PoéticaSonora is a research group interested in the study of sound, listening, and legibility at the intersection of art and literary studies. The group has worked together for two years, organizing several events and projects that operate under two main axes, activation and preservation. The most important project on the preservation axis is dedicated to the design, creation, and development of a digital audio repository (DAR) for sound art and sound poetry in Latin America. During the first phase of the project to gather audio files for the repository, we have conducted fieldwork and archival research in different public centers and private collections, mostly in Mexico City. The DAR prototype was designed and developed by graduate students at Concordia University, in Montreal, with an initial sample of 317 audio tracks, performed or composed by around 180 artists, most of them from Mexico but also Argentina, Brazil, and the US. These tracks have previously been classified as sound art, sound poetry, radioart, experimental music, spoken word, poetry slam, performance, hip hop, indigenous language poetry, among many other terms.
The interest of PoéticaSonora members has focused on studying audio recordings of poetry readings, as well as organizing and curating sound art and experimental music events. This presentation, however, studies how musical instruments and other sound-generating devices accompany, even modify the human voice, and how the DAR contributes to understand the understanding of these works and the context where they are developed. Texts by scholars who have taught, studied, and/or conducted fieldwork in Montreal, such as Mark J. Butler, Jeremy Wade Morris, Tara Rodgers, and Jonathan Sterne will serve as a theoretical framework to discuss some artistic practices by Mexican women vocal artists who participate in collaborative creative networks (sometimes called “bands,” “collectives,” “jams,” among other labels) and use sound-generating devices as a fundamental element in their performance.
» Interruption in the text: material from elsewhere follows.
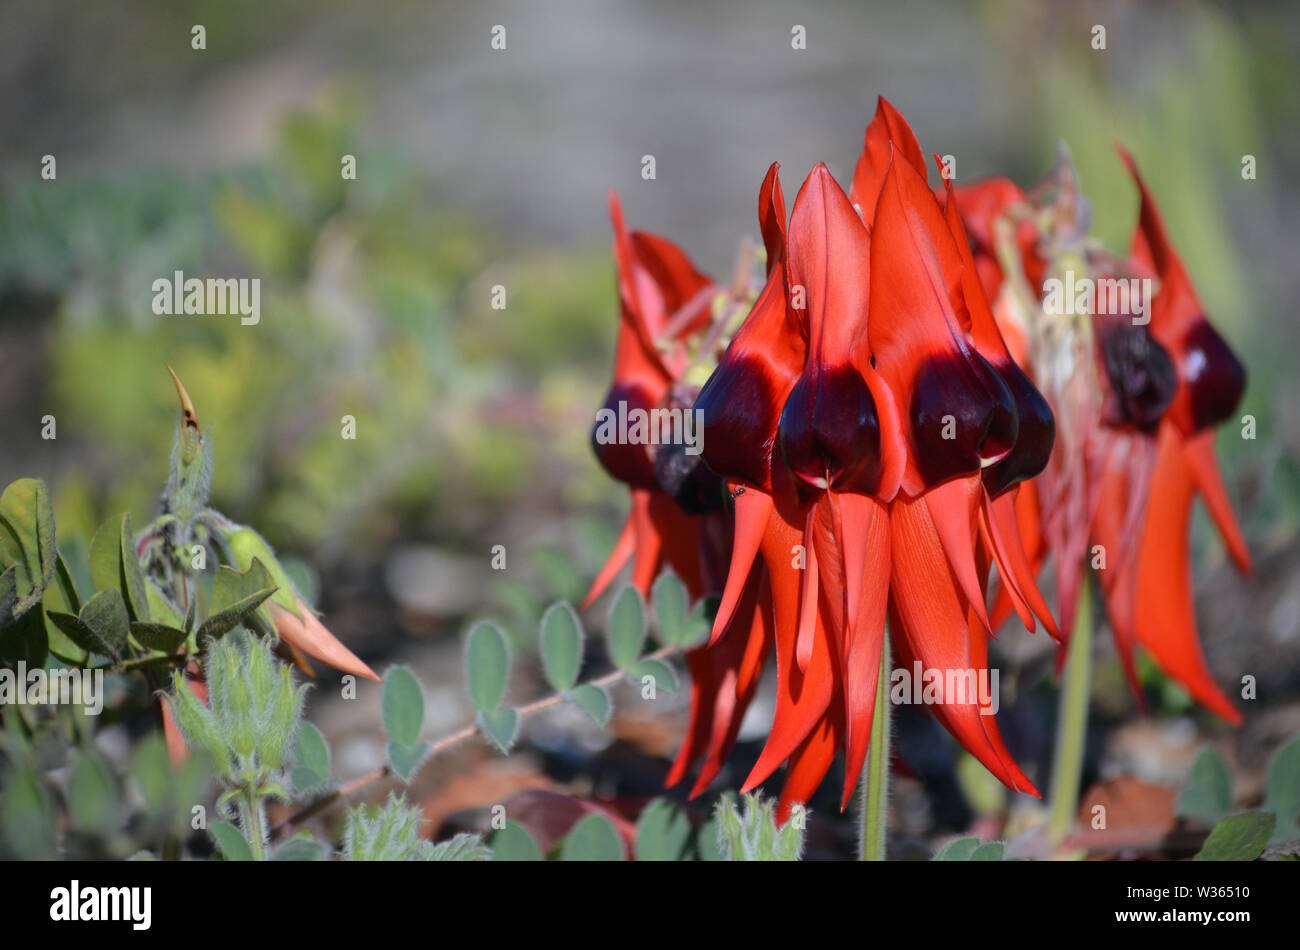 Australian native Sturts Desert Pea flowers, Swainsona formosa, family Fabaceae. Floral emblem of South Australia. Stock Photo

As a case study, I will focus on the path of two such artists, Edmée García and Leika Mochán, who combine spoken word and singing with the use of loop pedals. For several years they collaborated on the LP
Frágil, along with jazz songwriter Iraida Noriega, and have ever since worked in different creative projects, both solo and with other artists. Some of the pieces where they use loop pedals are also analyzed here, such as García's
Chilanga habla, described by herself as a “piece for poet and Line6,” and Mochán's “Kaleidocycle,” consisting of an amplifier and a Line6 DL4 attached to a customized bicycle.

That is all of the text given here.